The difference between the Super Bowl attendance tweet and, say, a prediction about how the Democrats tend to win the White House when the age of the average voter is low is that there’s a plausible mechanism for the age claim to cause a Democratic victory: younger voters are likely to be liberals.
You know already that correlation doesn’t equal causation. It doesn’t even equal predictive power. PunditBot can demonstrate that X correlates with Y. But to prove that X can predict Y, you need, at the very least, a plausible mechanism by which, either, changes in X would affect Y directly, or that there’s some third factor that changes both X and Y.
Unlike the average voter’s age, there’s no plausible way that the parity of the sum of Super Bowl attendence’s digits could reflect an underlying third factor that could cause the Republicans to win control of the House.
Even if you fed PunditBot datasets with more plausible mechanisms for relating to elections—maybe sector-by-sector unemployment data or fine-grained trade data—its results would still be unreliable. All PunditBot can find is chance correlation. It takes a real human being, with domain knowledge, a motivation rooted in a sense of right and wrong, and probably a working telephone, to find anything deeper.

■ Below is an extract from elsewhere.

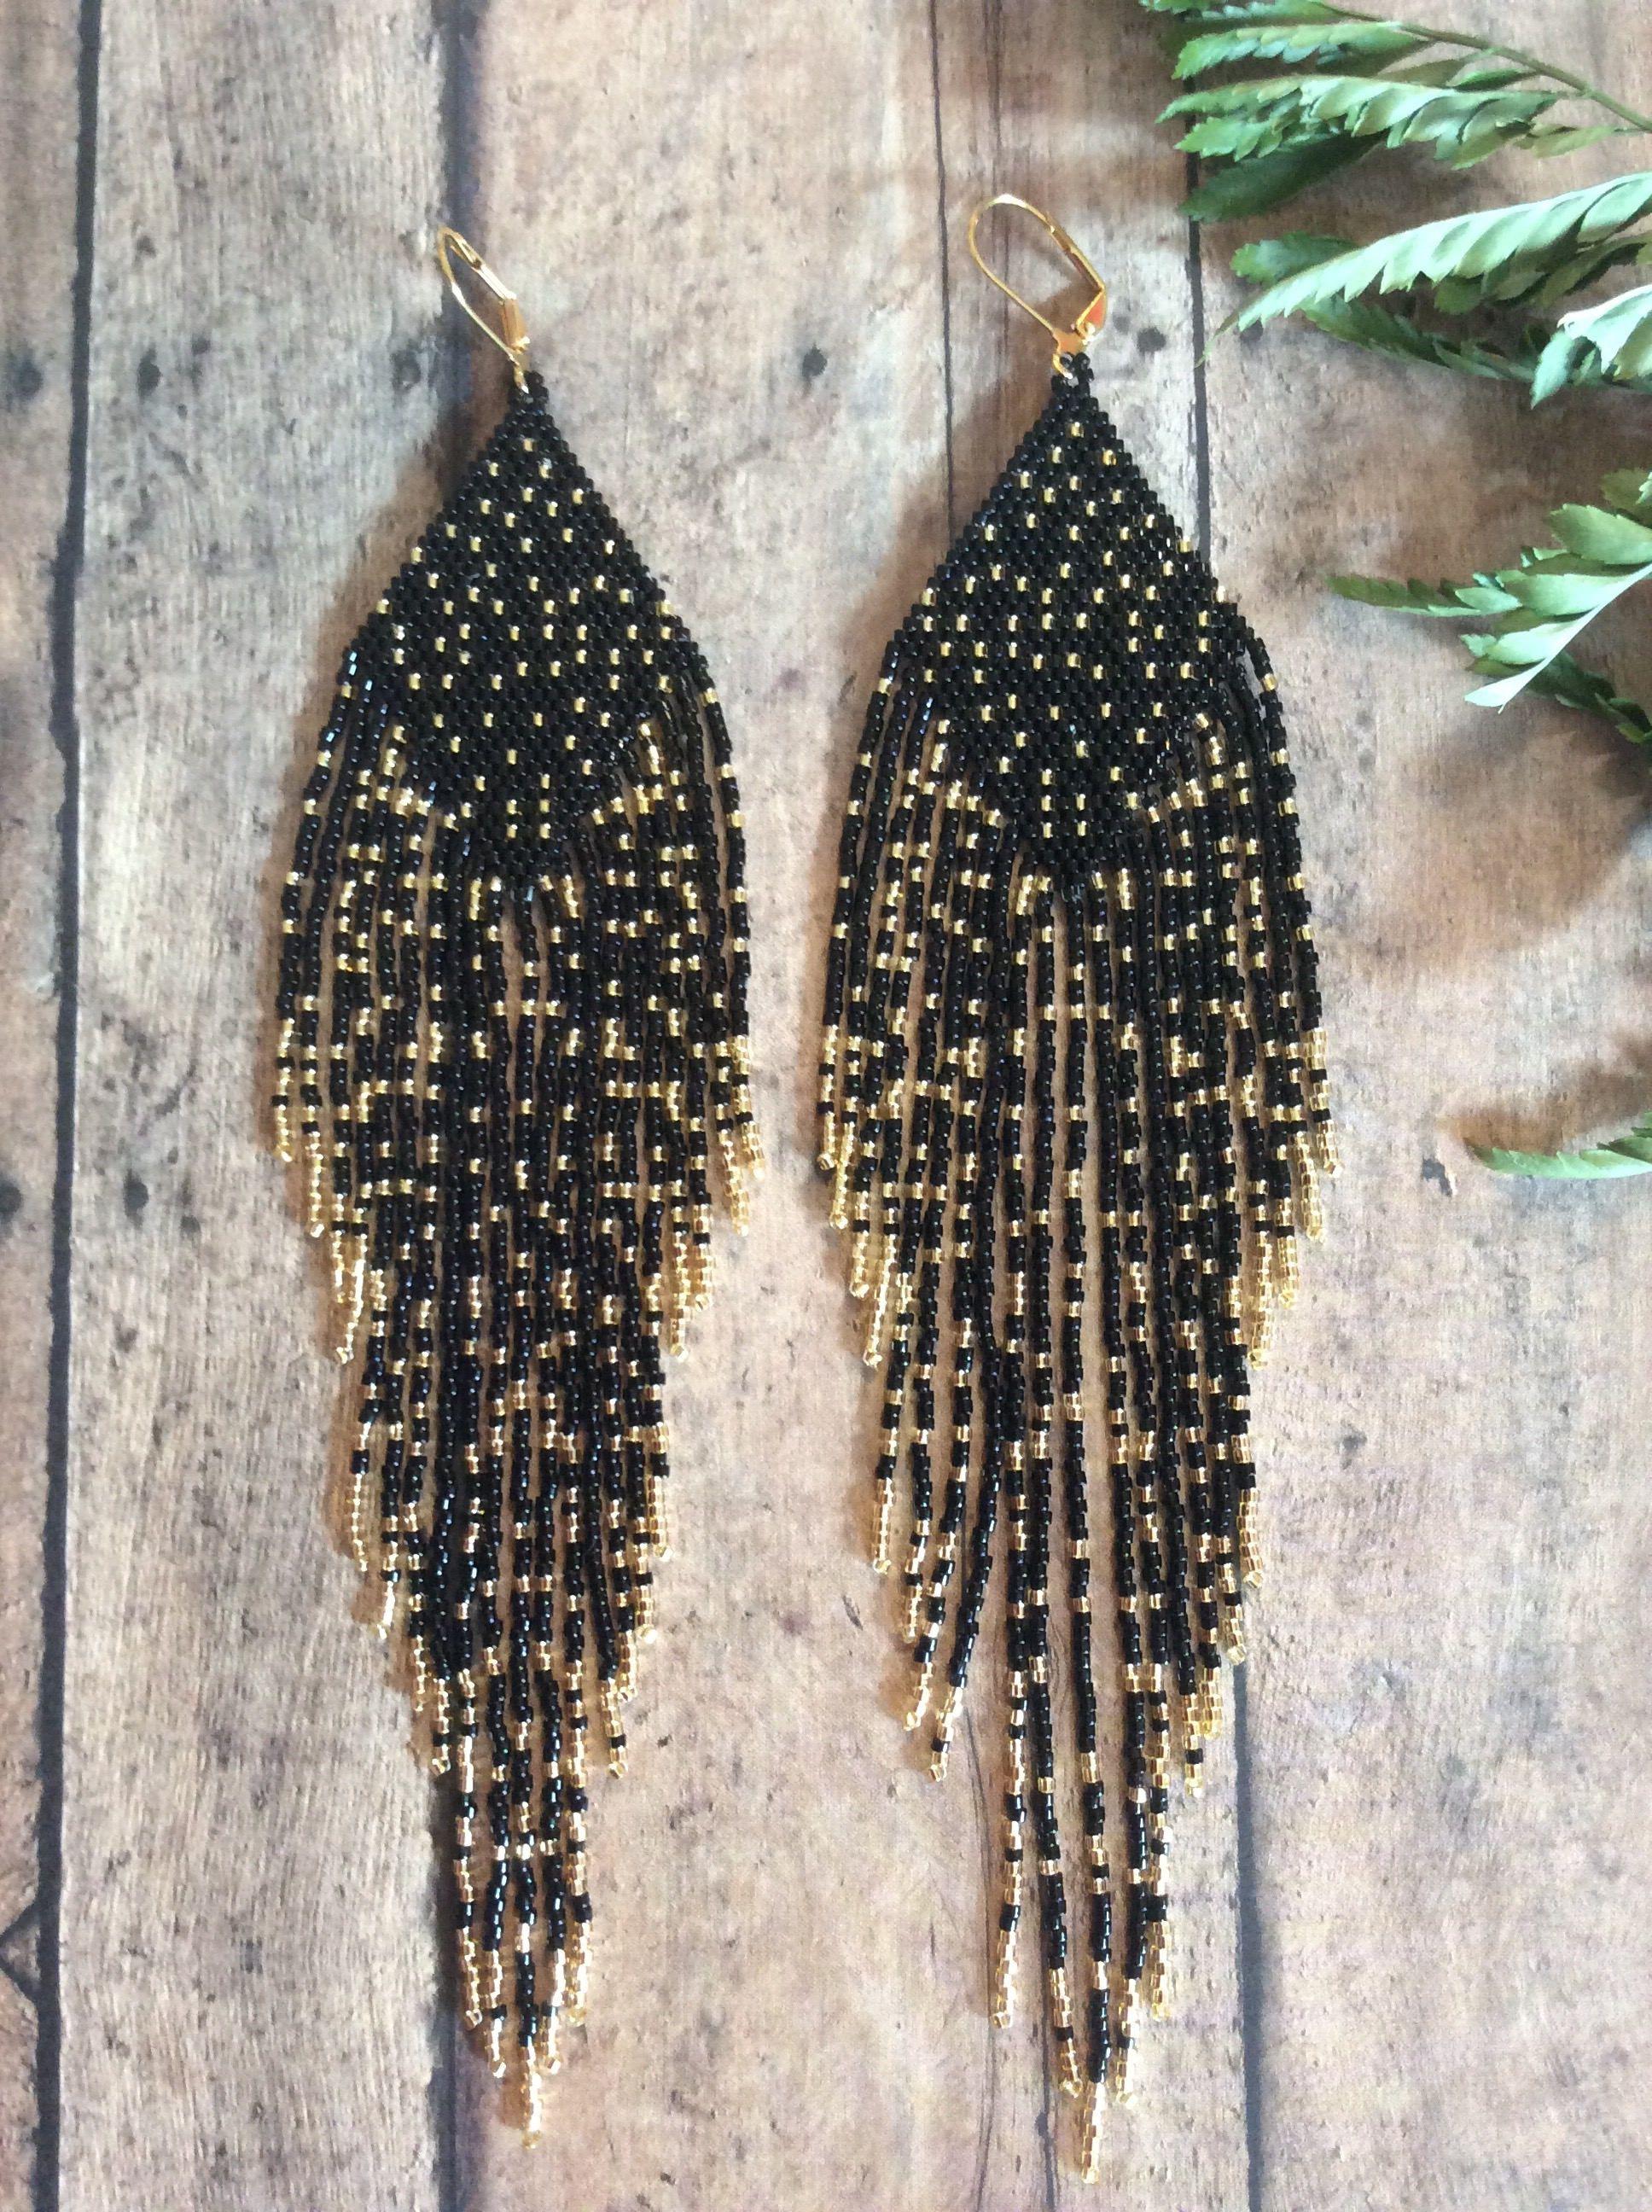 Seed Beaded Earring Name Night Skies Long Shoulder Dusters
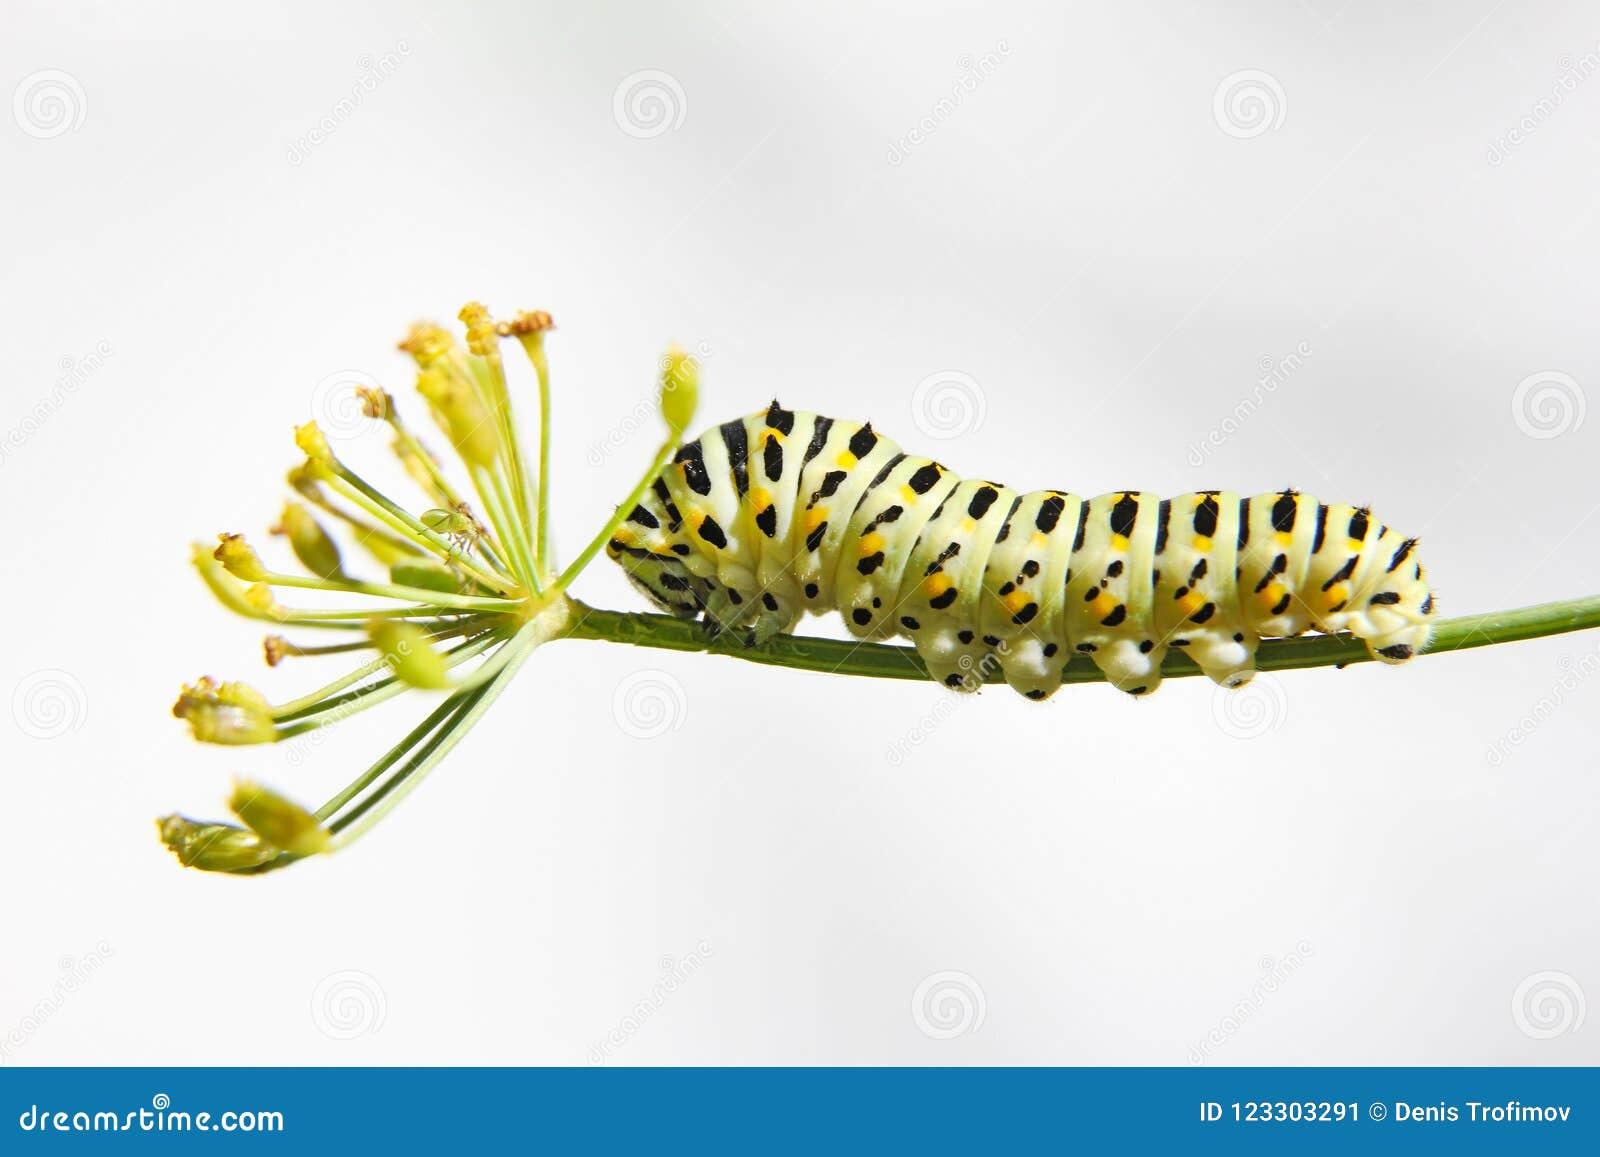 Caterpillar do swallowtail da borboleta - machaon, alimentações no aneto - erva-doce, vista lateral

Even “expert systems,” with a human expert’s knowledge encoded inside them, are still finding coincidences and rely on human camp counselors to figure out whether the coincidence reflects something meaningful or whether it’s the result of some other factor not built into the supposedly expert system.
More optimistically, I think there’s a place for robots—even ones that are not any more complex than PunditBot—to automatically produce tweet-length journalism that matters. For instance, alerts about increased crime in your neighborhood don’t require that much expert knowledge—one murder is a bigger deal than a few cases of vandalism, but a big spike of vandalism is still news. But, to ask the question of whether a neighbor decided to report even old tags to the police or whether there is truly a brand-new coterie of crappy teen artists roaming the neighborhood, to investigate the numerical fact the robot found, there still needs to be a human being in the loop. Otherwise you’ll be obsessed with soybeans.
The Dems have not, after 1992, in any year that the price of soybeans declined from the previous year, won the the Senate, besides 2006.— Pundit Bot (@PunditBot) April 23, 2016
Jeremy B. Merrill is an programmer/journalist at the New York Times and a core developer on the Tabula project. He likes building things—especially tools for finding the story amid all the digital noise.